Electric Forest

Electric Forest

thoughts about books, digital libraries, and stuff related to expressing and keeping track of our thoughts...

Thursday, June 23, 2005

Metadata should be free

Here's the lede from Michael Rogers' story at MSNBC:
Several years ago journalist John Lenger told a remarkable story in the Columbia Journalism Review about teaching a journalism class at Harvard's extension school. He asked his young students to write a story about a Harvard land deal that occurred in 1732, but after a week of research, most came back with almost nothing substantial to report. The problem: They had done most of their research using the Internet, walking right past Harvard's library and archives, where the actual information could be found. When Lenger questioned their research methods, one student replied that she assumed that anything that was important in the world was already on the Internet.
This connects to the effort in transforming "books into bytes" in Rogers' story, but I think it's about the poor job we've done in putting metadata about books, such as their indexes, online, making the discovery of these resources more likely.

Years ago, people said protection was needed against "theft" of software programs, and it took years for the countervailing attitude to appear in a strong, coherent way. Today, free and open software includes operating systems like Linux and Solaris, and applications for word processing, image manipulation, spreadsheets, presentations, software development and a thousand different uses. IBM, Sun, Nokia and other companies have taken IP rights and software that cost millions of dollars and put them into the public domain. We don't say such software is not creative and not worth "protecting," but its free distribution is more valuable to our society than locking it up. Enough people see this that the cultural effect is so far in advance of the laws it's kind of scary.
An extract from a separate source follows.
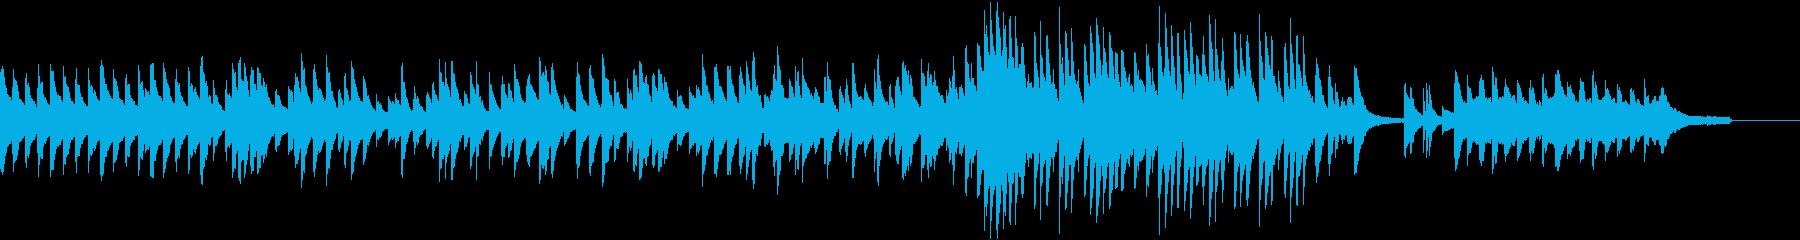 【ショート版】温かく切ない雰囲気のピアノの再生済みの波形
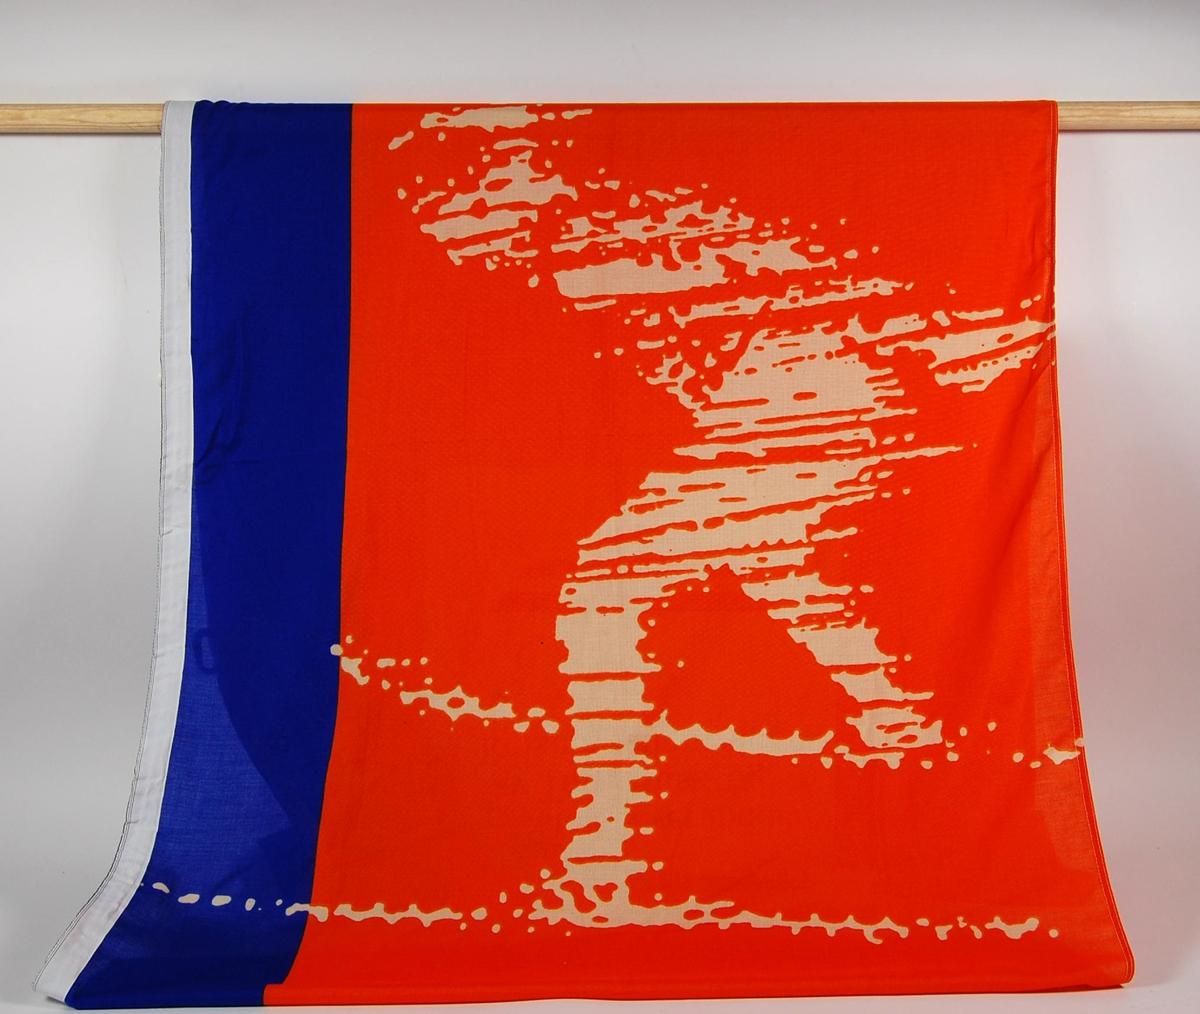 Flerfarget banner med logo for de olympiske leker på Lillehammer i 1994 og NSB. På banneret er det et motiv av en skiløper.

I'll skip over the arguments for scrapping patent laws that favor one side of this argument over the other. And there are many sites for discussing the similar issues around copyright. In the book world, people are beginning to see this, such as Cory Doctorow, who has posted his third book on the web in a variety of formats, saying "Share this book! That's what it's for." [1] The battleground goes beyond the legal arena to the cultural aspects, I would say. Just what are our obligations to creators and researchers? The IP pendulum needs to swing back to the middle in our minds as much as in our laws.

Metadata, creation and copyright have a tenuous connection to each other that ought to follow the open software model, to my way of thinking. Sure, there is intellectual effort that goes into the creation of an index, say, just as there is in the writing of a software application. But our society will benefit more — from wider, deeper, more accurate searching — when such information can be readily shared.
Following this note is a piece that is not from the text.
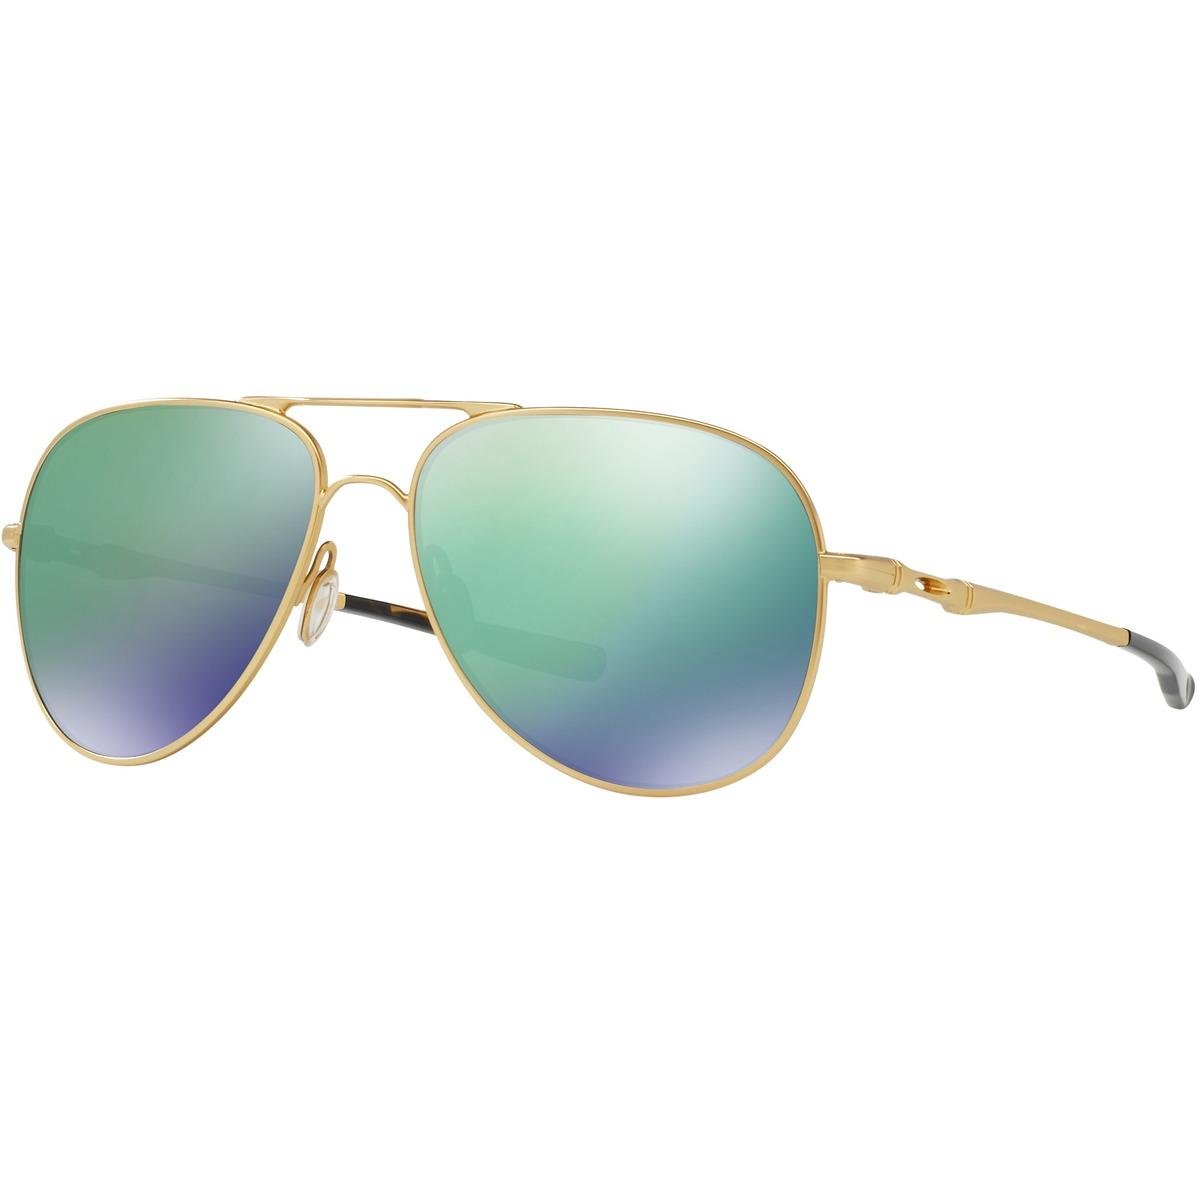 394531a734e7a óculos oakley elmont l satin gold  lente jade iridium. Carregando zoom.

Metadata should be free. Metadata about non-electronic resources especially.



[1] Doctorow actually goes much further than simply allowing the electronic version of the book to be read for free, saying: "What's more, if you live in the developing world -- a country not on the World Bank's list of high-income countries -- you can do much more. You can make your own editions, charge money for them, make movies, translations, plays and anything else you care to, and charge whatever you want, without sending me one cent -- you don't even need my permission. See the FAQ for more. The only restriction is that you can't export your versions to the world's high-income countries where all my paying customers are. Deal? Deal."

Thanks to Teleread for its Doctorow and Rogers posts.

Saturday, June 04, 2005

Wikipedia and libraries

What's the most important thing about the web?
Instant access, free access, or permanent access?

At MaisonBisson, Casey Bisson suggests integrating Wikipedia's entries with the display of catalog search results, with the obvious example of biographical data: "We have three books about Nikola Tesla, but why not include the first few paragraphs from the Wikipedia entry on him?"

He connects this effort (at Plymouth State University in New Hampshire, apparently) with the "increasing tendency toward self-service" and he says this about Wikipedia:
For my part, I've come to love Wikipedia, despite having access to EB and other, more traditional sources. Why? Because it takes better advantage of the web than others, and unlike those commercial products, I don't have to sign in to use it.
At PressThink, a few months back I read an essay by Simon Waldman, the director of digital publishing at The Guardian newspaper. He discusses how so many people think of immediacy as being the point of the web and yet that the key element for participating in the conversation of the web is permanence. He says that many newspapers, despite being on the web, are not of the web because after a week or so they remove their articles from free access. And with this you slip off the search engines and out of the consciousness of the web user.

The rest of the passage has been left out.